--- Exercise inputs ---

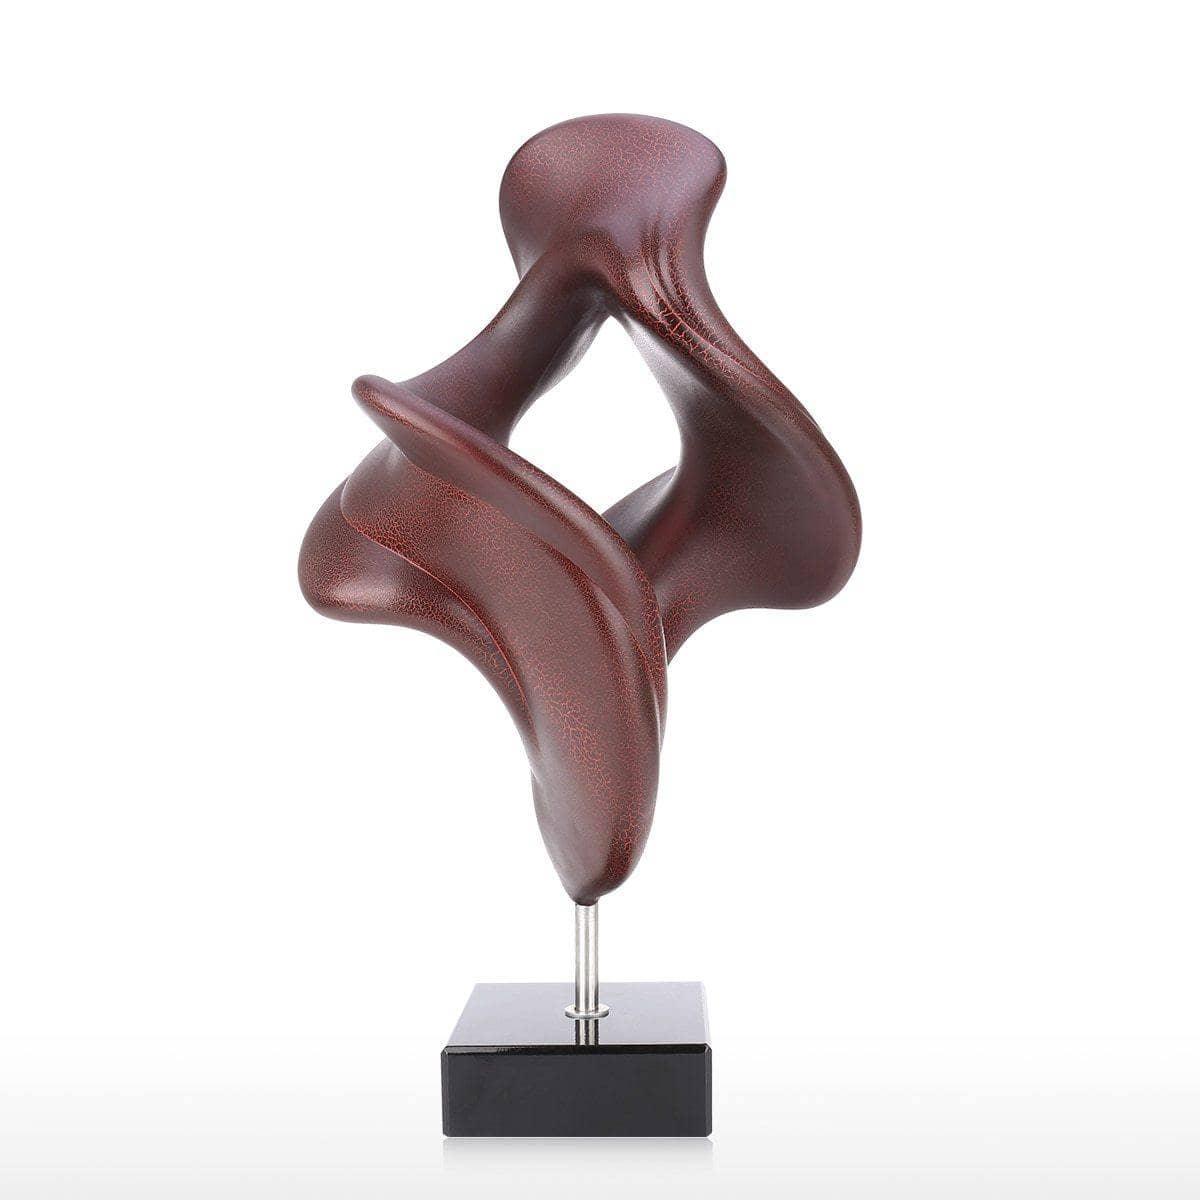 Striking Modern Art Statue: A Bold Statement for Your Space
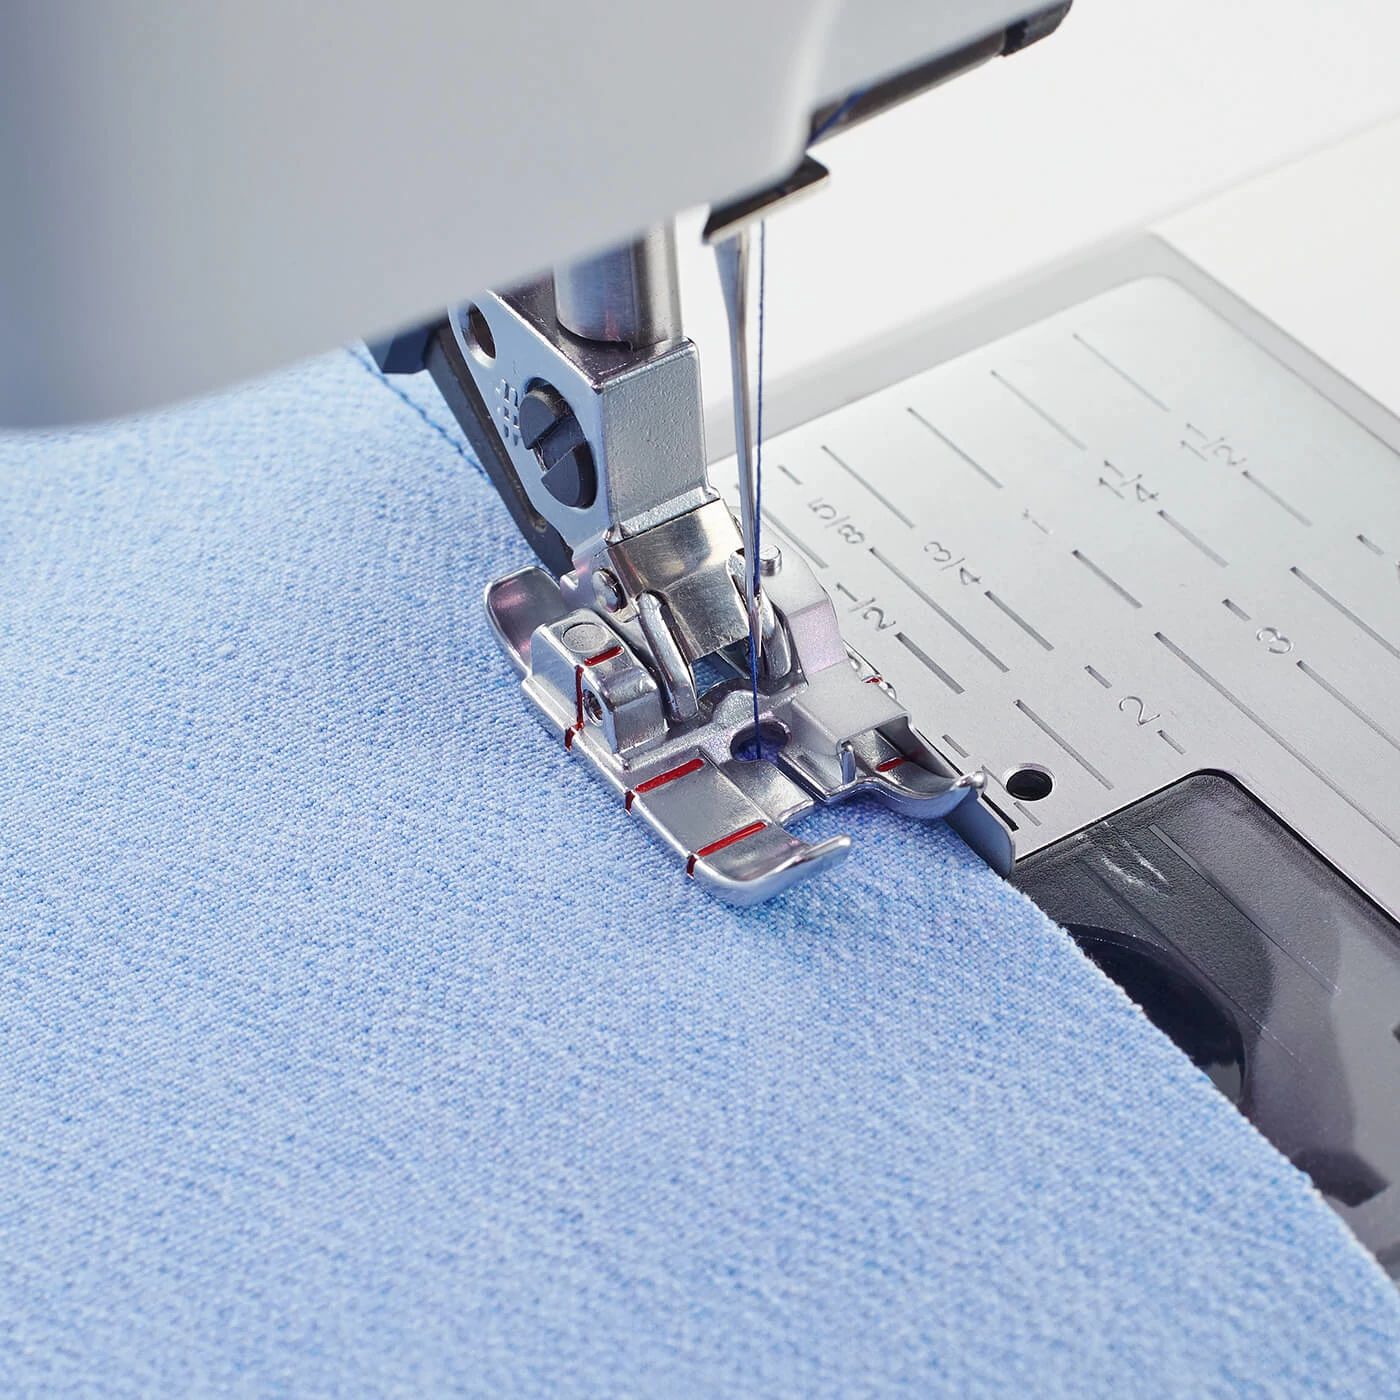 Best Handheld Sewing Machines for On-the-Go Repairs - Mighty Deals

---
--- Exercise inputs ---

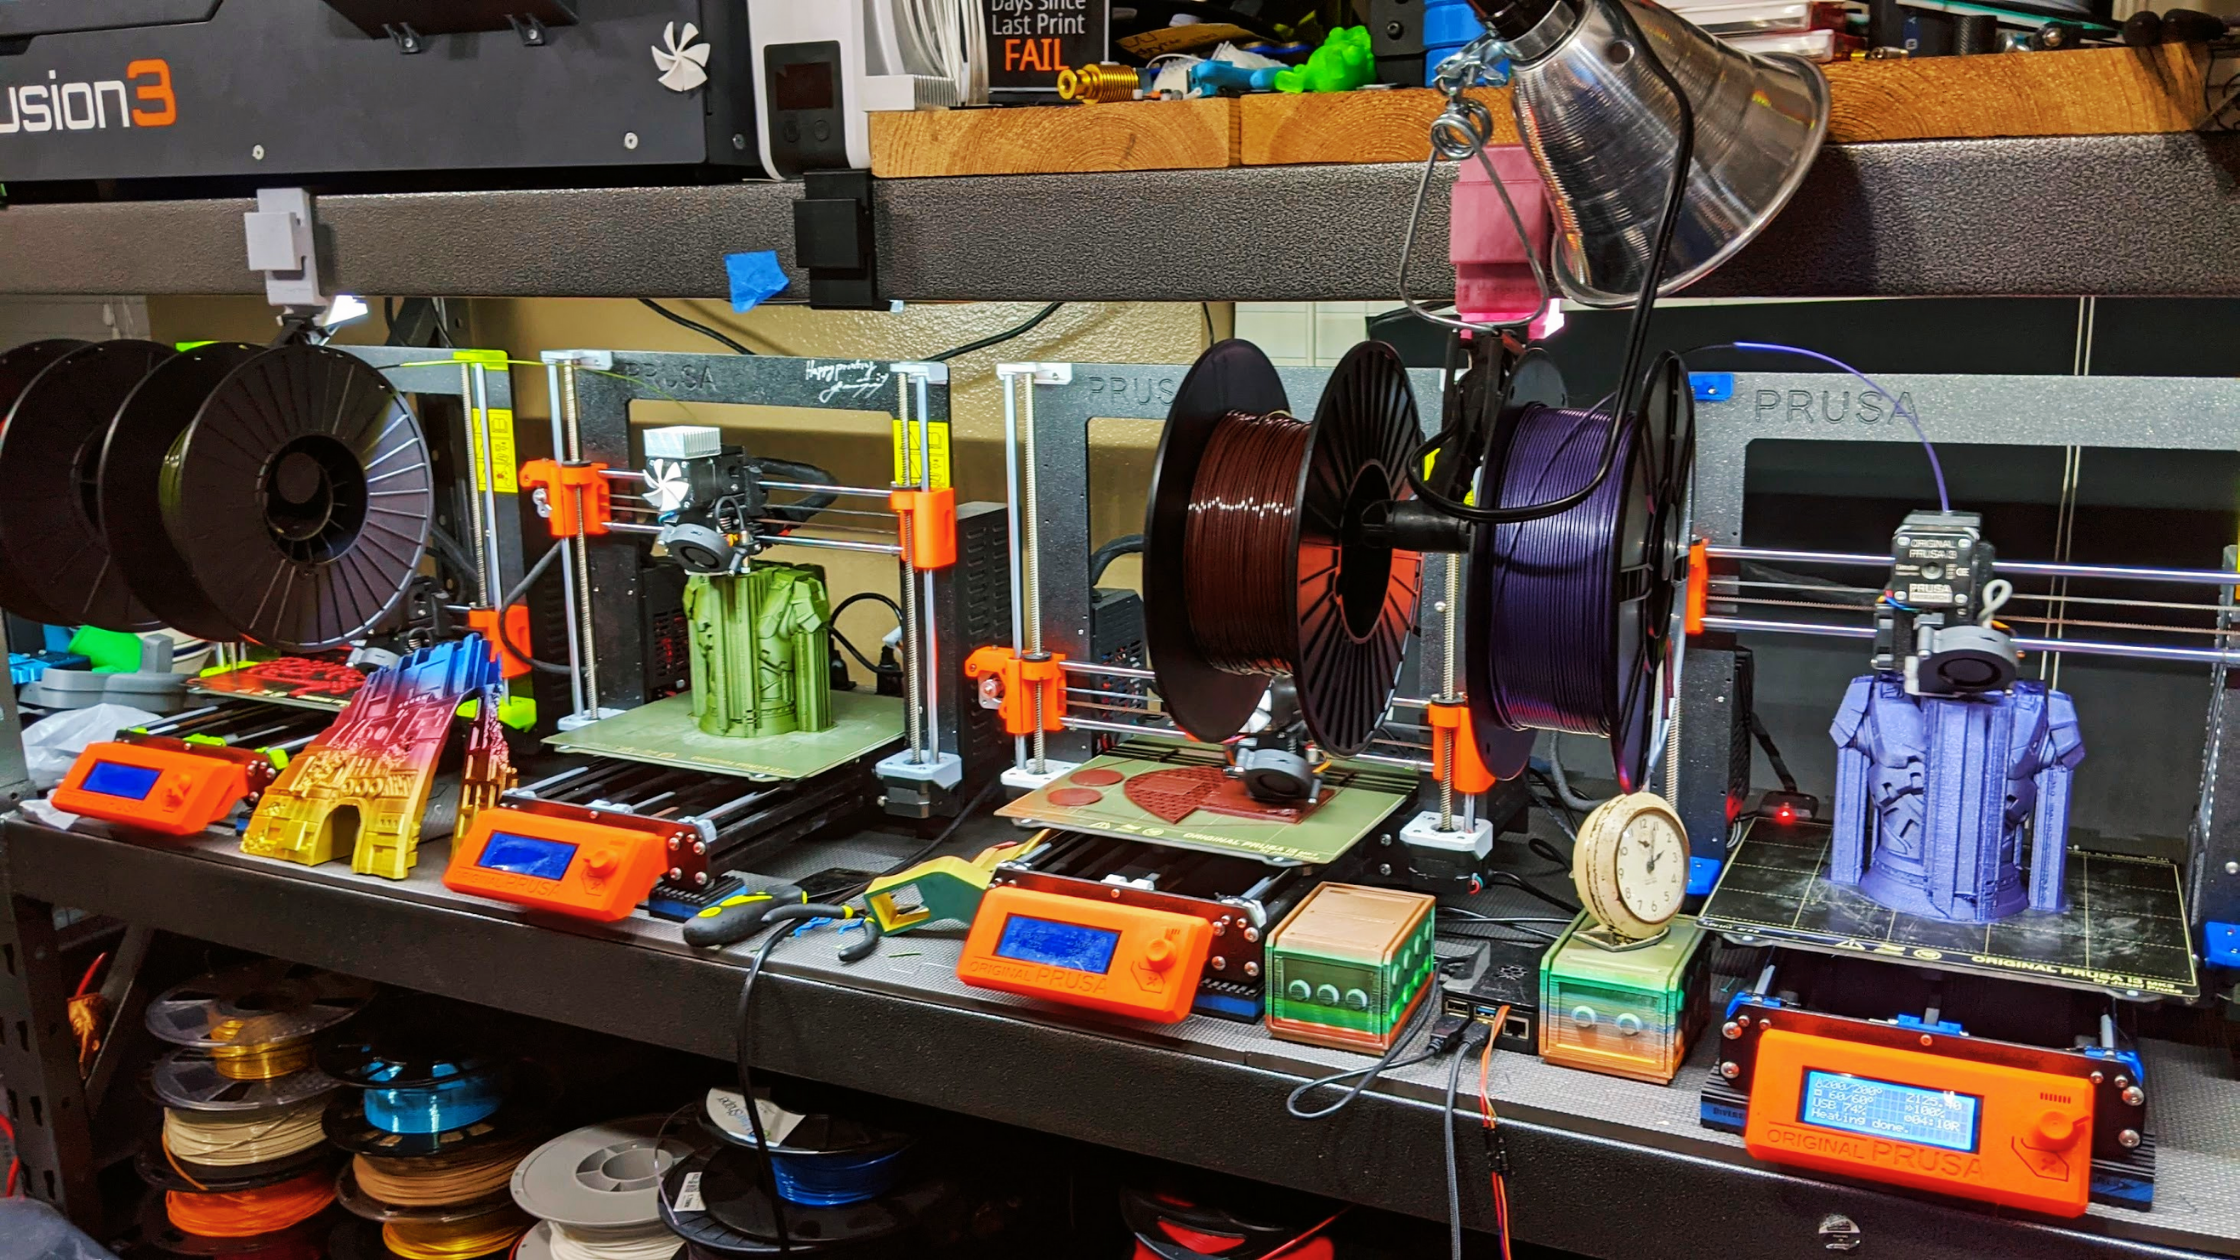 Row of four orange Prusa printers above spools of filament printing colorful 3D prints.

---
--- Exercise inputs ---

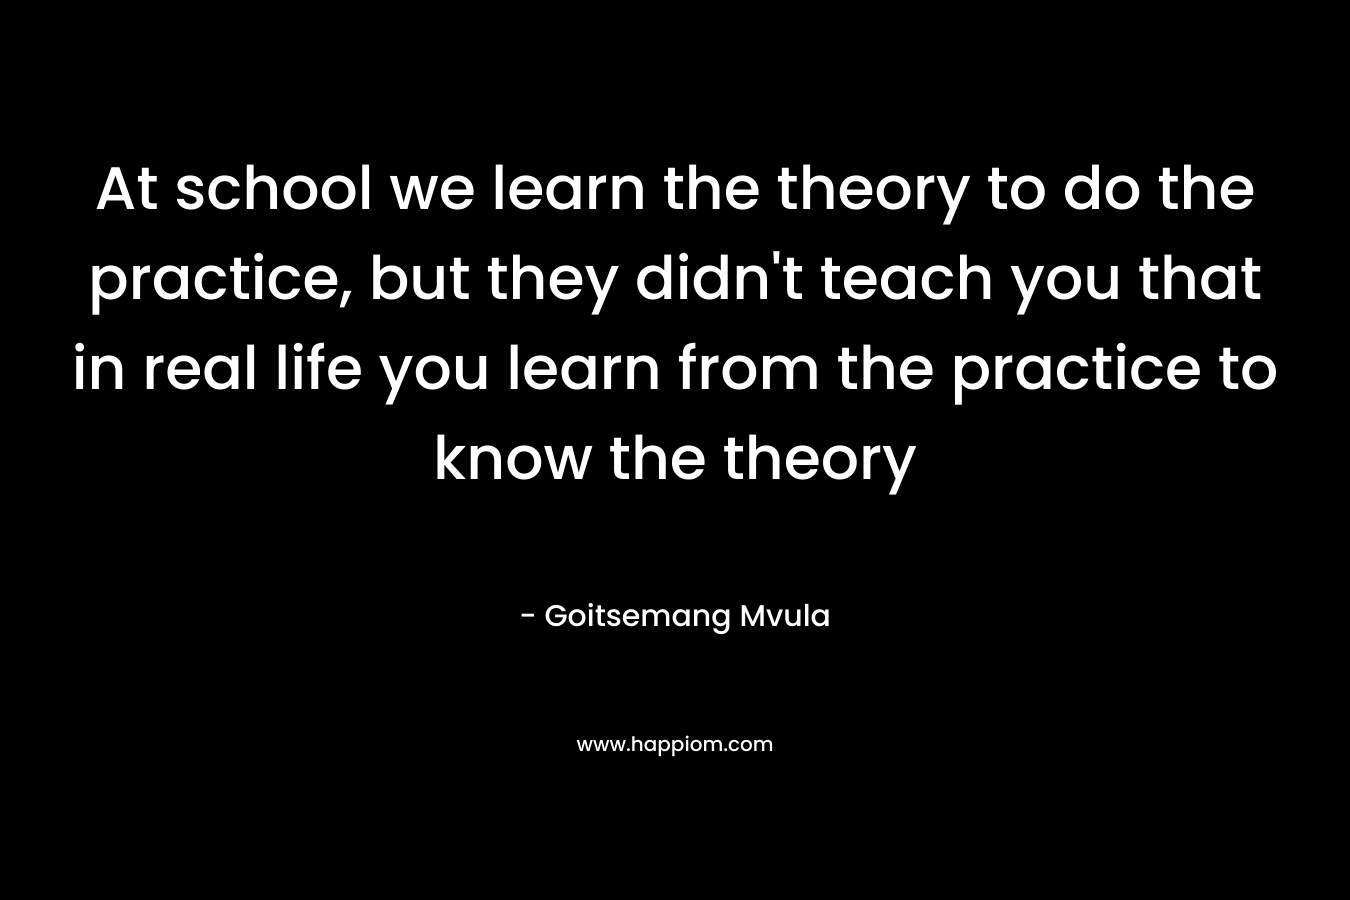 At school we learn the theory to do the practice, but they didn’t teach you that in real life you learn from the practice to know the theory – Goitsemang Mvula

---

◆ **Instructions to follow**:
Reproduce the data above exactly, but only the lines from the one showing "Striking Modern Art" through the one showing "Best Handheld Sewing", with both ends kept and the pictures left out.

◆ **Written answer**:
 Striking Modern Art Statue: A Bold Statement for Your Space
 Best Handheld Sewing Machines for On-the-Go Repairs - Mighty Deals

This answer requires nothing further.